Great-grandfather had also gone up into the woods to cut some trees, and was hard at it when he sensed a change in the weather. A hovering silence settled over the wood lot. The birds fell quiet and not a leaf on a tree stirred. Then, quickly, the sky darkened. It was ominous.
Surrounded by high trees, great-grandfather couldn't look off to see what was making up, but he correctly judged a windstorm. Here in Maine we do have hurricanes now and then, and once in many years a good one, but the cyclone and the tornado are not common.
This windstorm which bore down on great-grandfather Jacob was later termed a tornado, but as this was back in the early 1800s and Maine was little populated, it did its damage by knocking down trees.
Dropping his ax, great-grandfather ran for the cleft in the rock. This was a boulder, some 12 feet high, that the distant glacier had exposed. It had been split by the centuries so it stood there in two pieces, just the cleft apart.
Great-grandfather had just gained this sanctuary when the howl of the tornado struck and a thumping great oak came down to settle over the rock to emphasize his good judgment and his good fortune. Other trees were crashing down all about. My grandfather told me that his father said the tumult lasted maybe 15 minutes.
Great-grandfather Jacob had to pick his way through downed limbs to get out, and was well aware that the cleft in the rock had saved his life. When he stood again in the open he looked down the slope of the hill at the devas-tated corridor the tornado had left. The tangle of uprooted trees would give him many months of hard work before he reduced it to firewood and saw logs. For a generation the path of the tornado was a scar across our farm.
My grandfather told me all about this that day, and he had me crawl in and hide myself as small as I could. Everybody in the family had done this, and those coming along would do it. Fine family feeling to experience the security that had saved our ancestor. And the Rock of Ages.
My grandfather often took a youngster on his knee and boomed into song with his Civil War favorites - ``Tramp, Tramp, Tramp'' and such. So I knew he could sing, sort of, and now as I huddled inside the boulder, I heard him let go:
Rock of Ages, cleft for me,
Let me hide myself in Thee...
I knew the hymn well enough, but until now it had been just another hymn.

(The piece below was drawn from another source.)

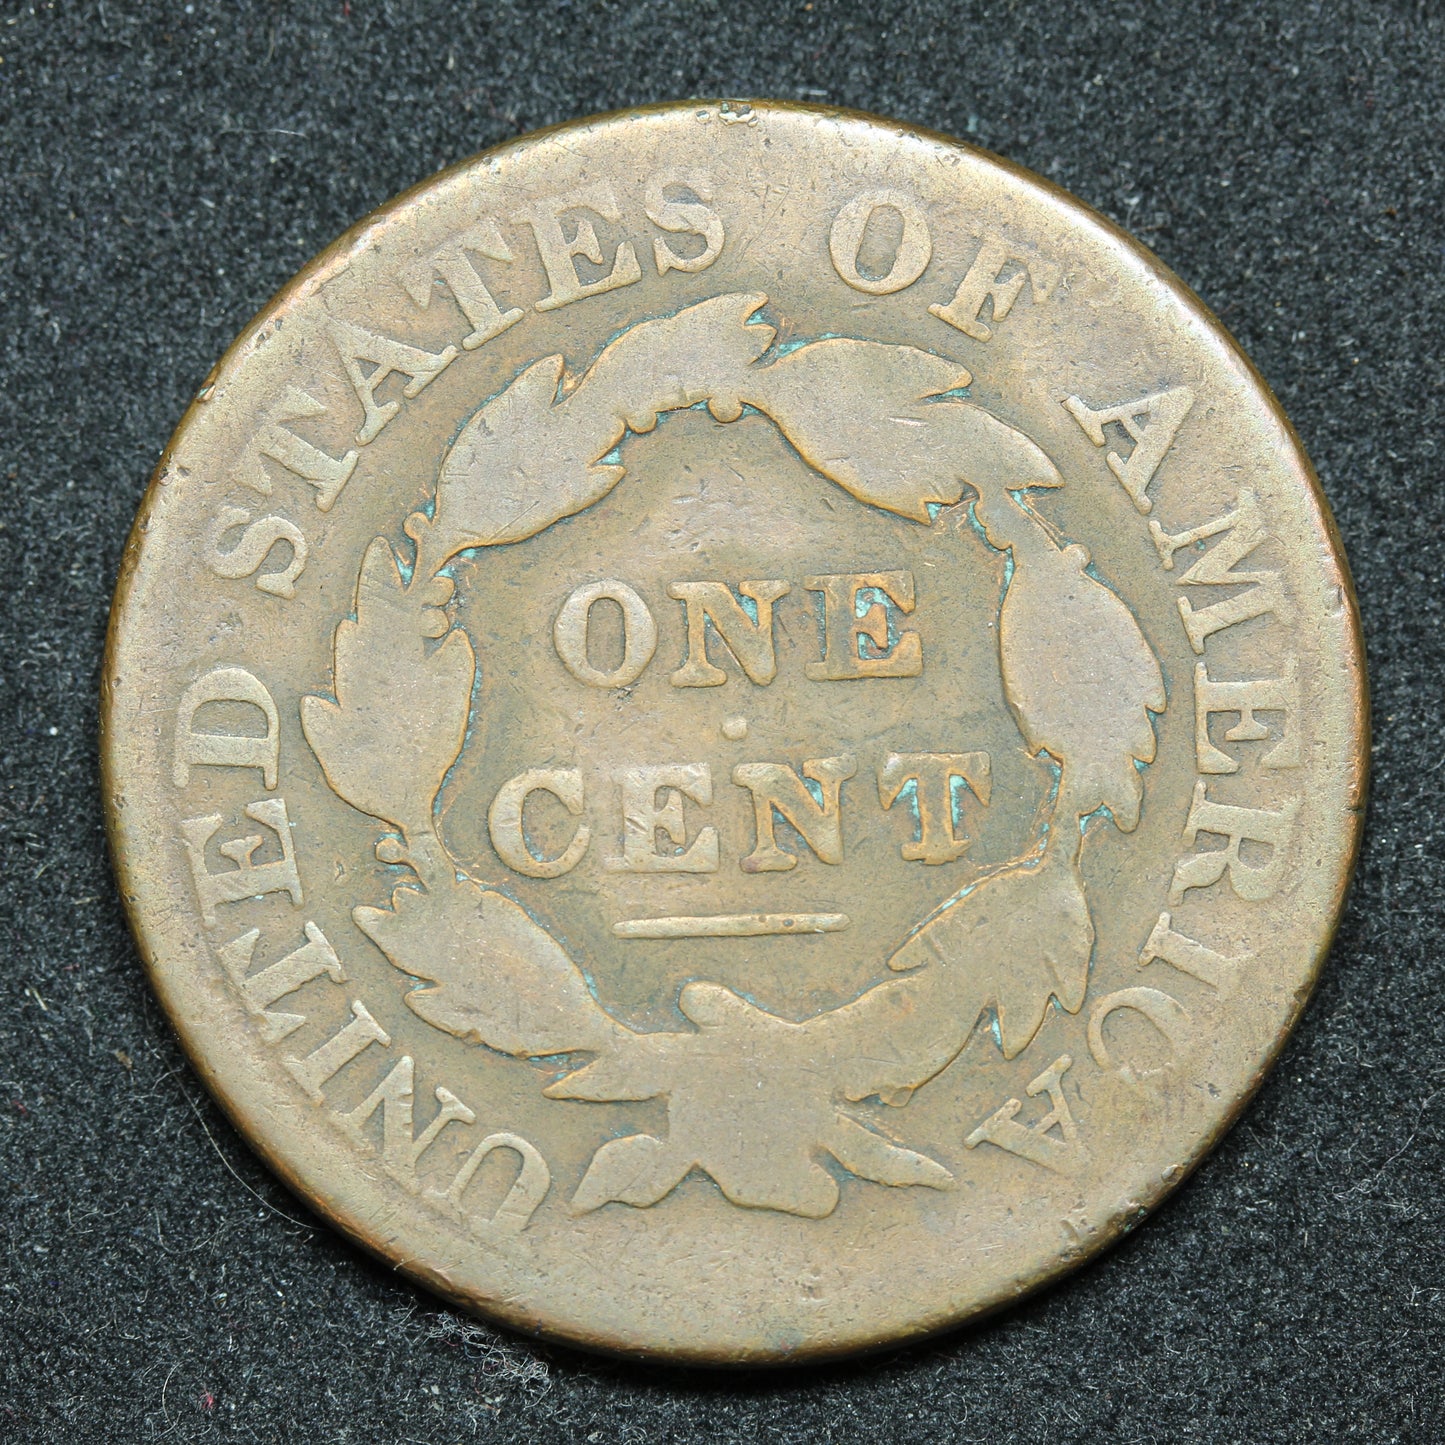 1827 Matron Coronet Head Large Cent 1C Penny

Now it was our own, special, family hymn. Here was the very rock itself, split as the words said, so that great-grandfather could hide himself and be saved.
Grandfather took all my cousins in turn so they could hide in the Rock of Ages, and then I took our children, and the grandchildren, and it's interesting that over the years every youngster has made somewhat the same remark as he squeezed in. Namely, that great-grandfather must have been a small man to get into a niche barely big enough for a child. I said it to grandfather the day he took me there, and I remember how he laughed.
``Great-grandfather Jacob couldn't have been very big to get in here,'' I said.